* [SUPPLIED ENTRIES]
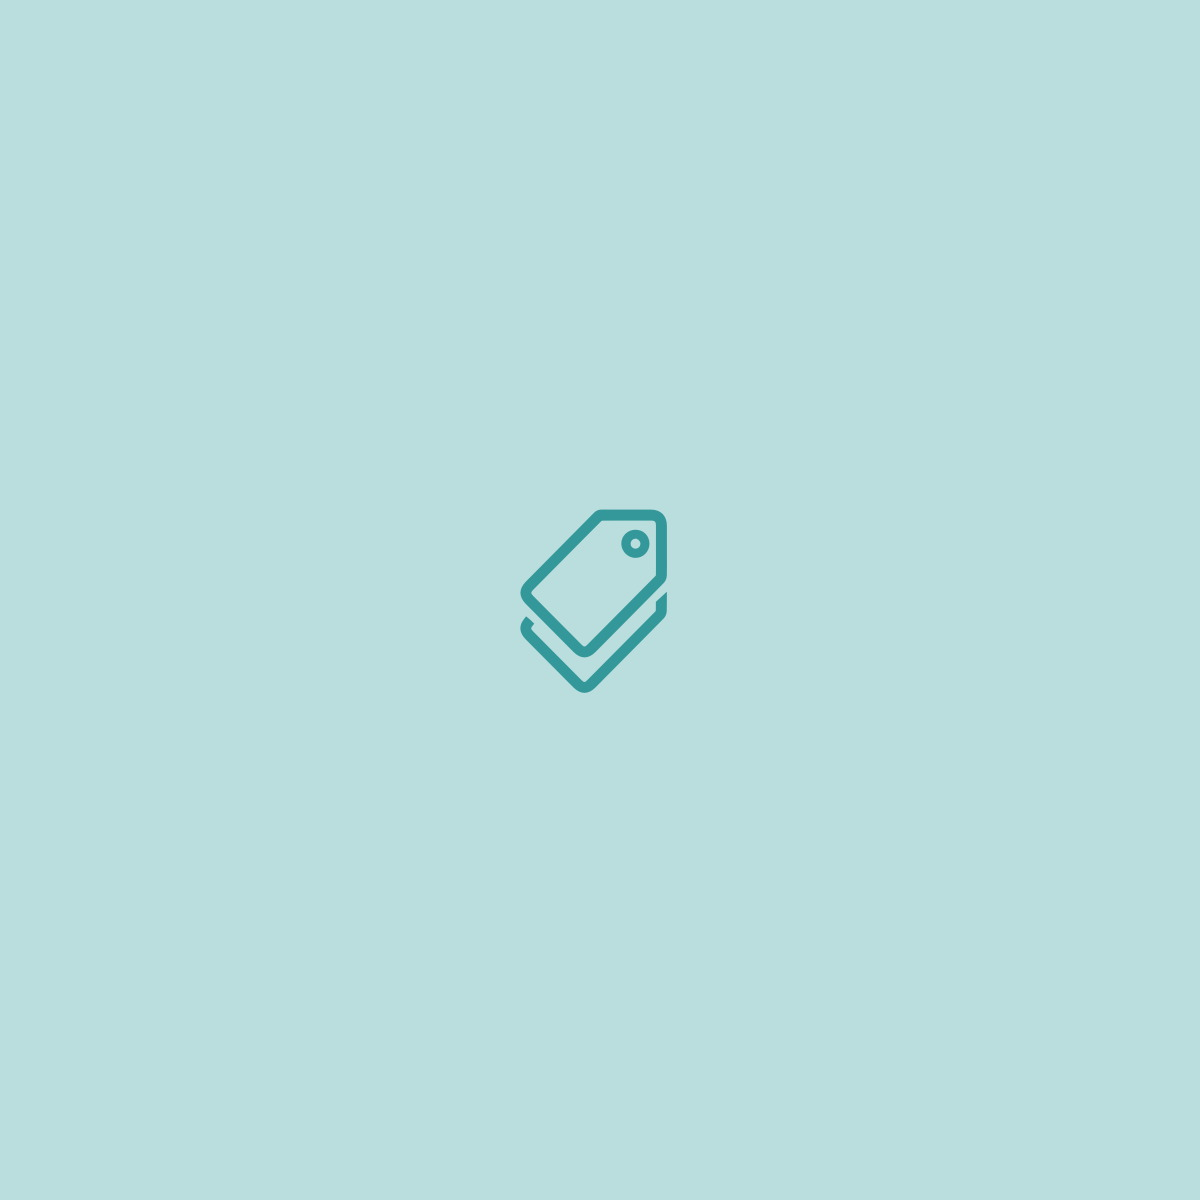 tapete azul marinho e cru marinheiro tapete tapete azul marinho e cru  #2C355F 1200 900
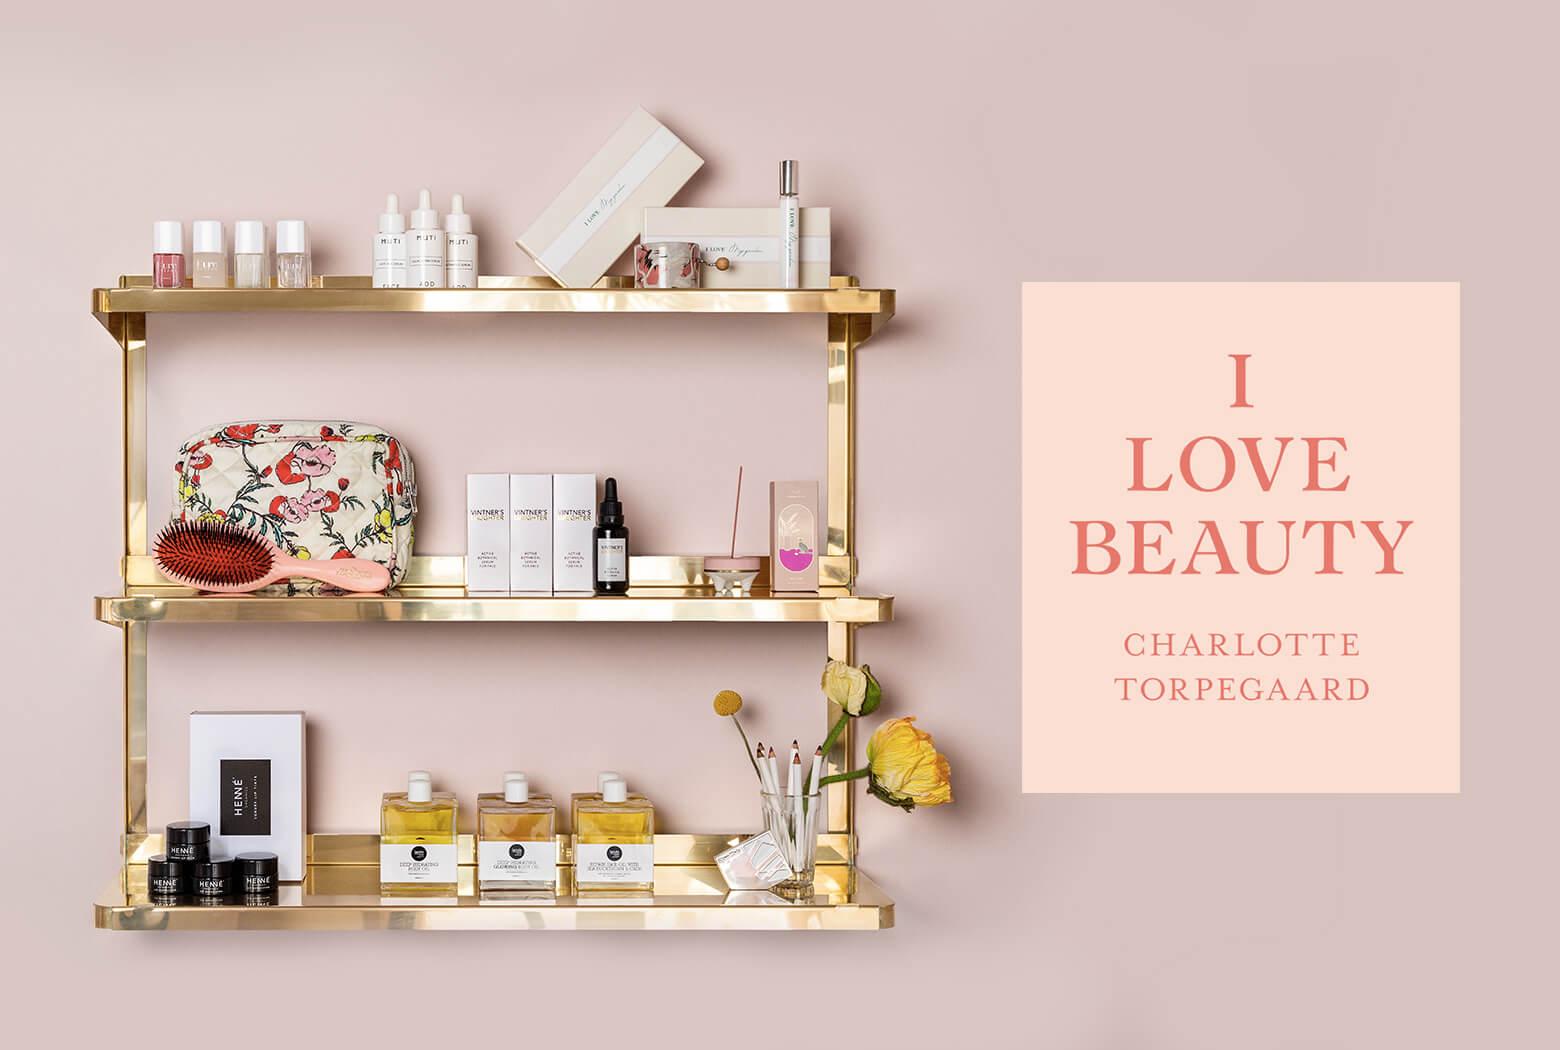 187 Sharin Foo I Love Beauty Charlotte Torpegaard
...
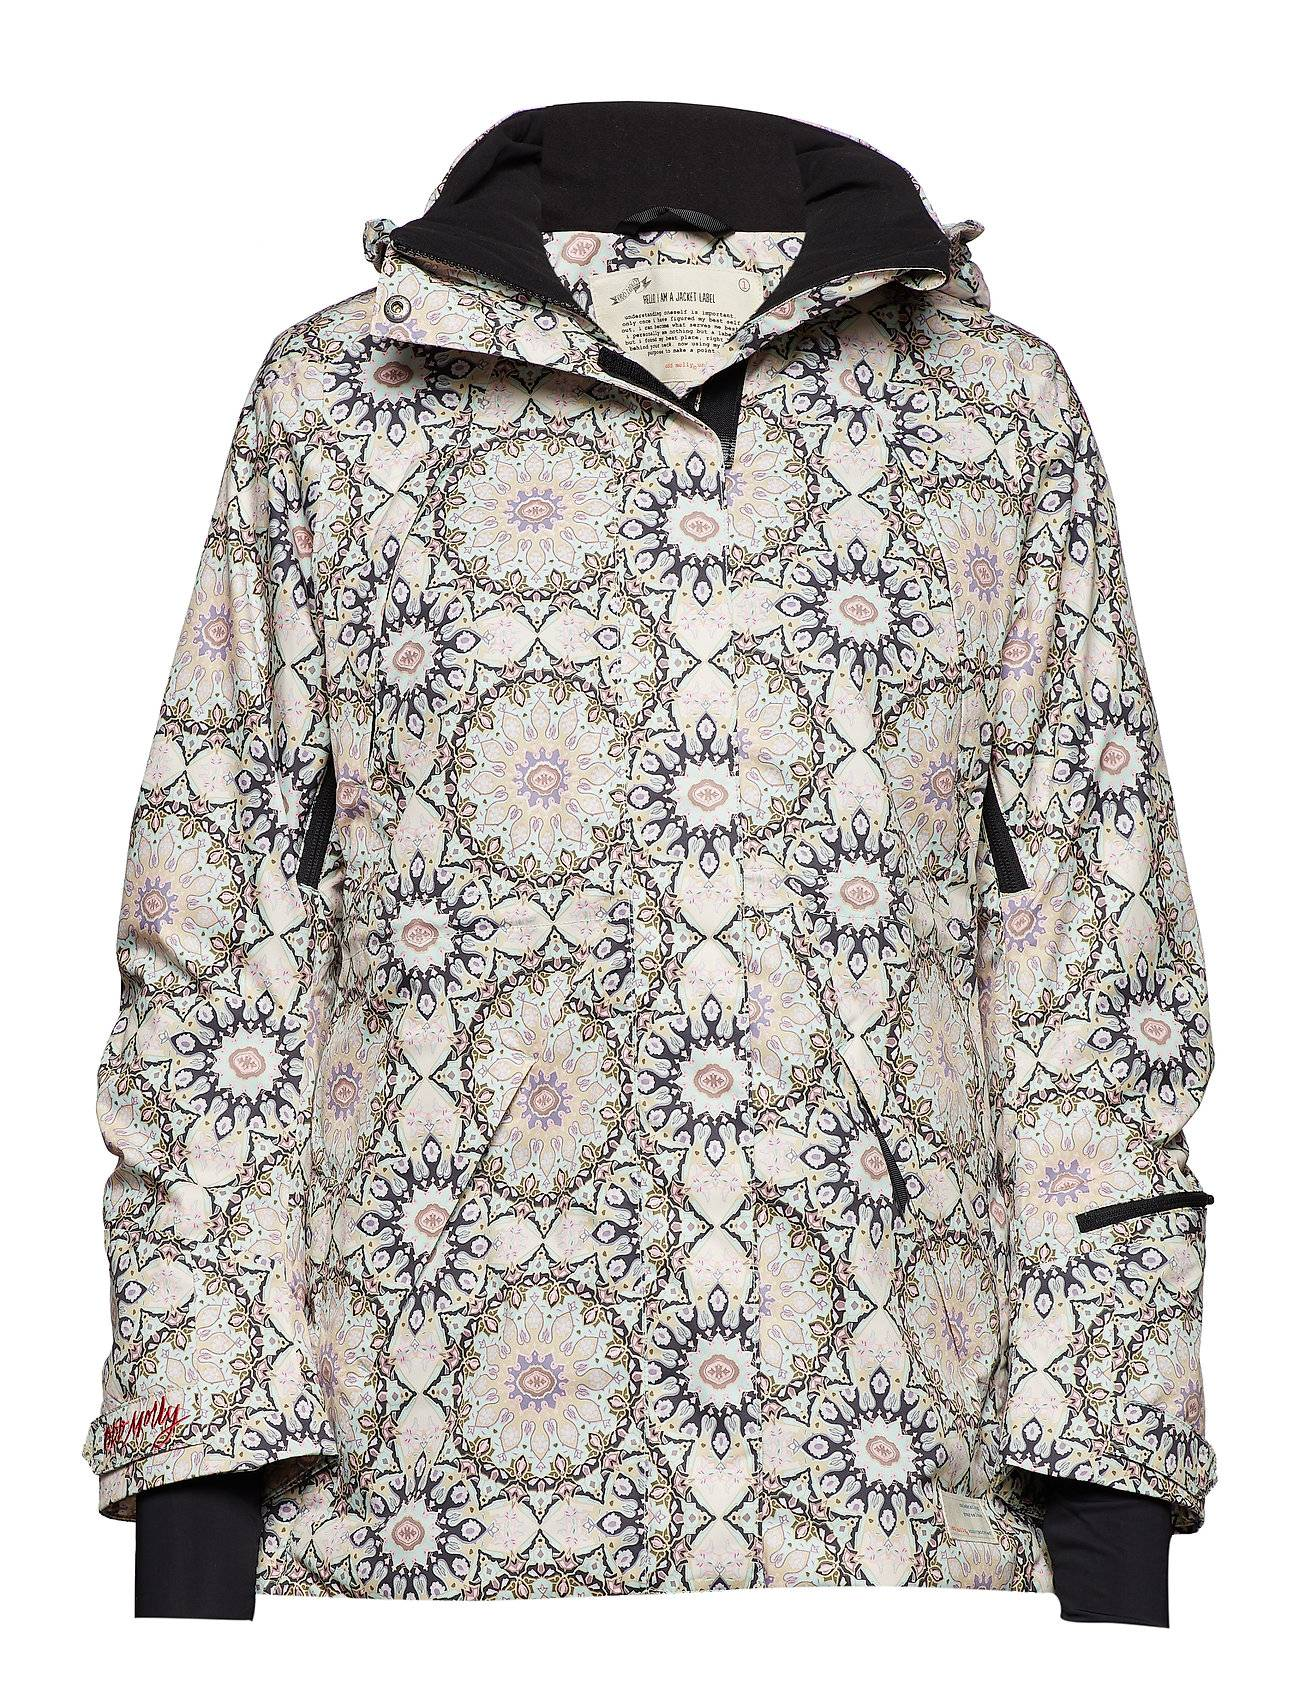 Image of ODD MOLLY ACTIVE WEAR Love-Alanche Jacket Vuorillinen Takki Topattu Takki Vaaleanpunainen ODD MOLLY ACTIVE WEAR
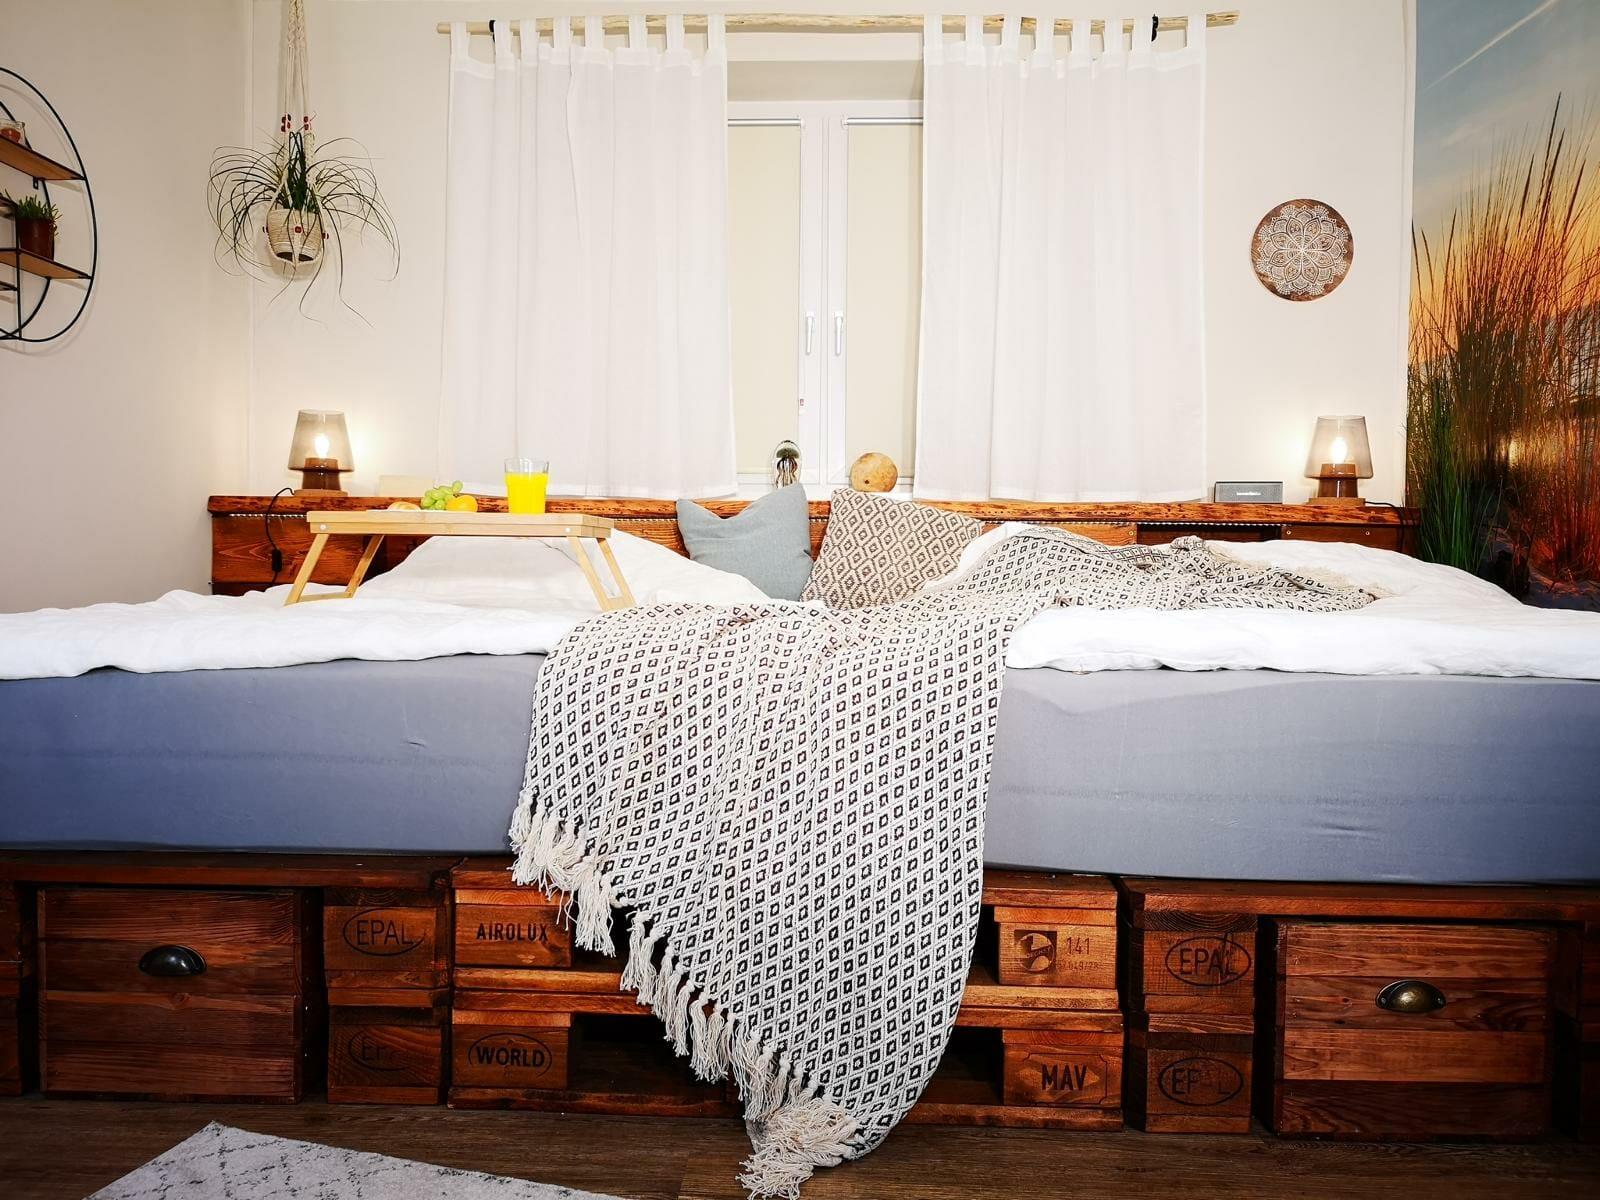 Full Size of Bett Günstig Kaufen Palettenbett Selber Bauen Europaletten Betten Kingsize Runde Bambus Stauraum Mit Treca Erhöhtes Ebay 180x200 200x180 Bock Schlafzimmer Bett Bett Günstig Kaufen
* * *
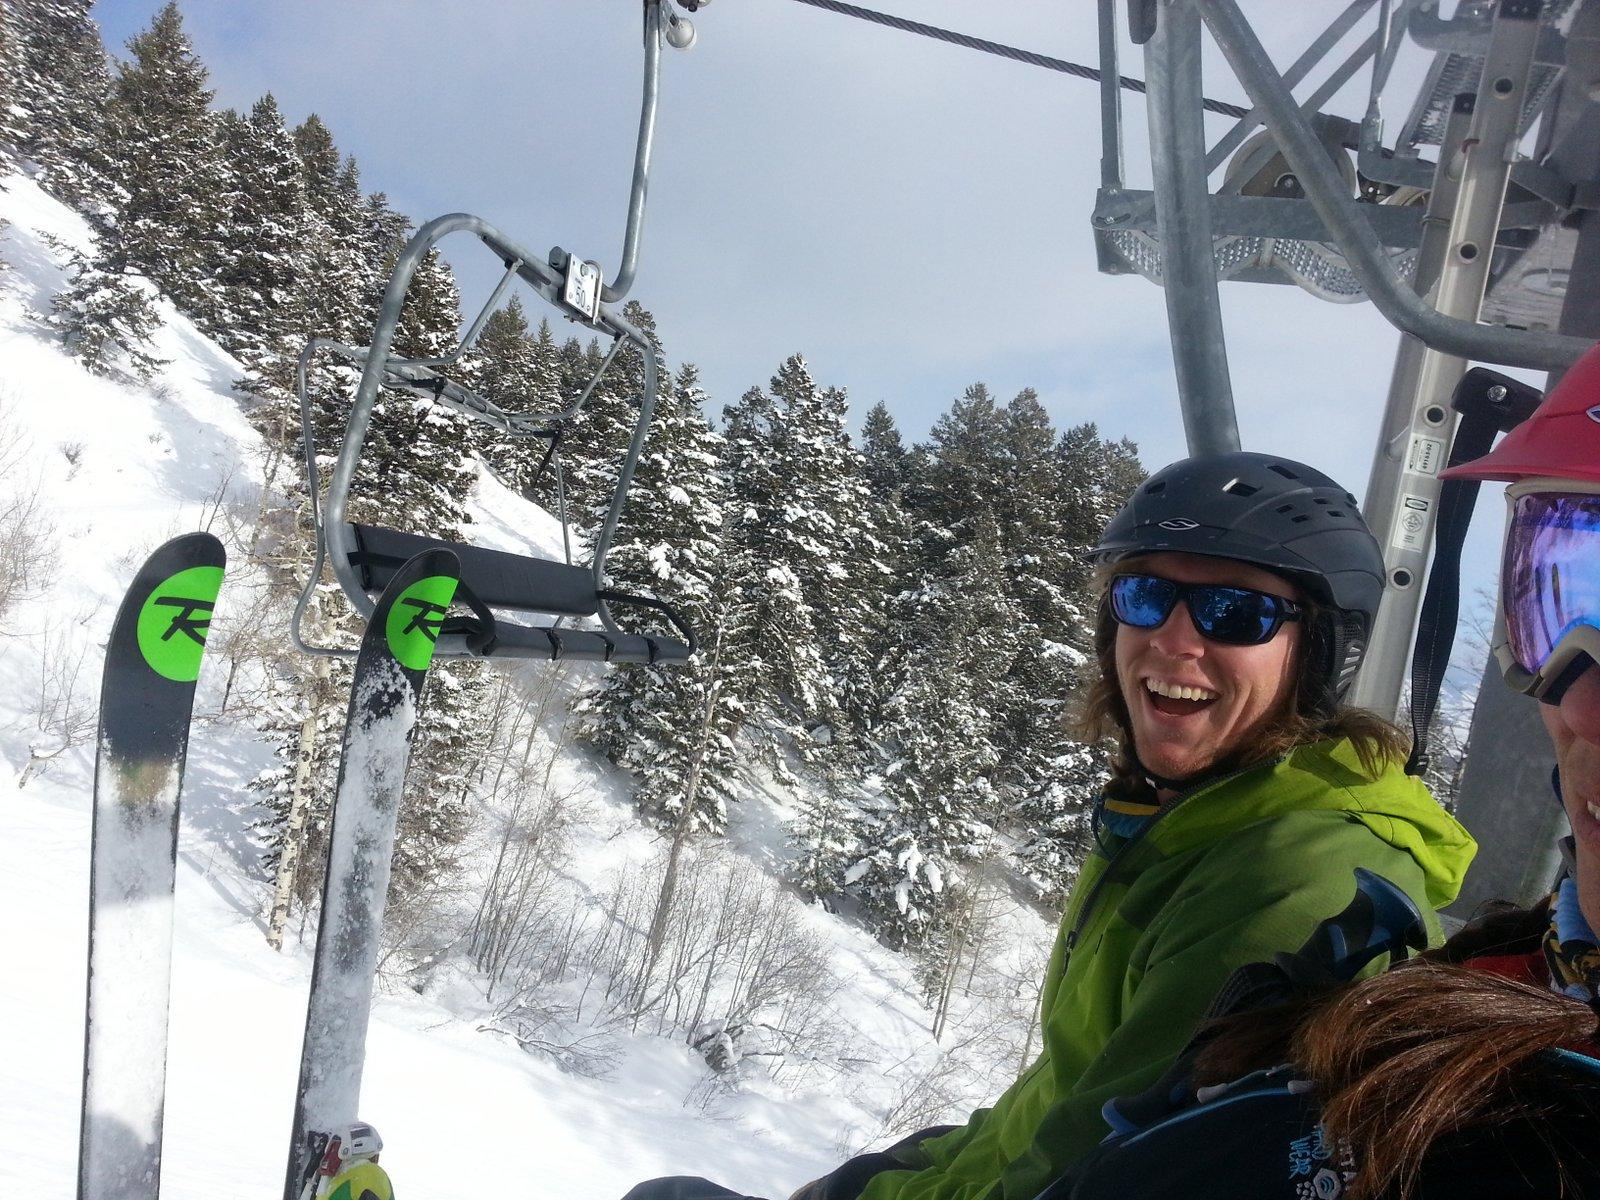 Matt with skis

* [TASK BRIEF] Copy word for word the span of the records above that begins at the line with "tapete azul marinho e cru marinheiro" and ends at the line with "187 Sharin Foo", including those two lines but not the pictures.

* [YOUR RESPONSE]
 tapete azul marinho e cru marinheiro tapete tapete azul marinho e cru  #2C355F 1200 900
 187 Sharin Foo I Love Beauty Charlotte Torpegaard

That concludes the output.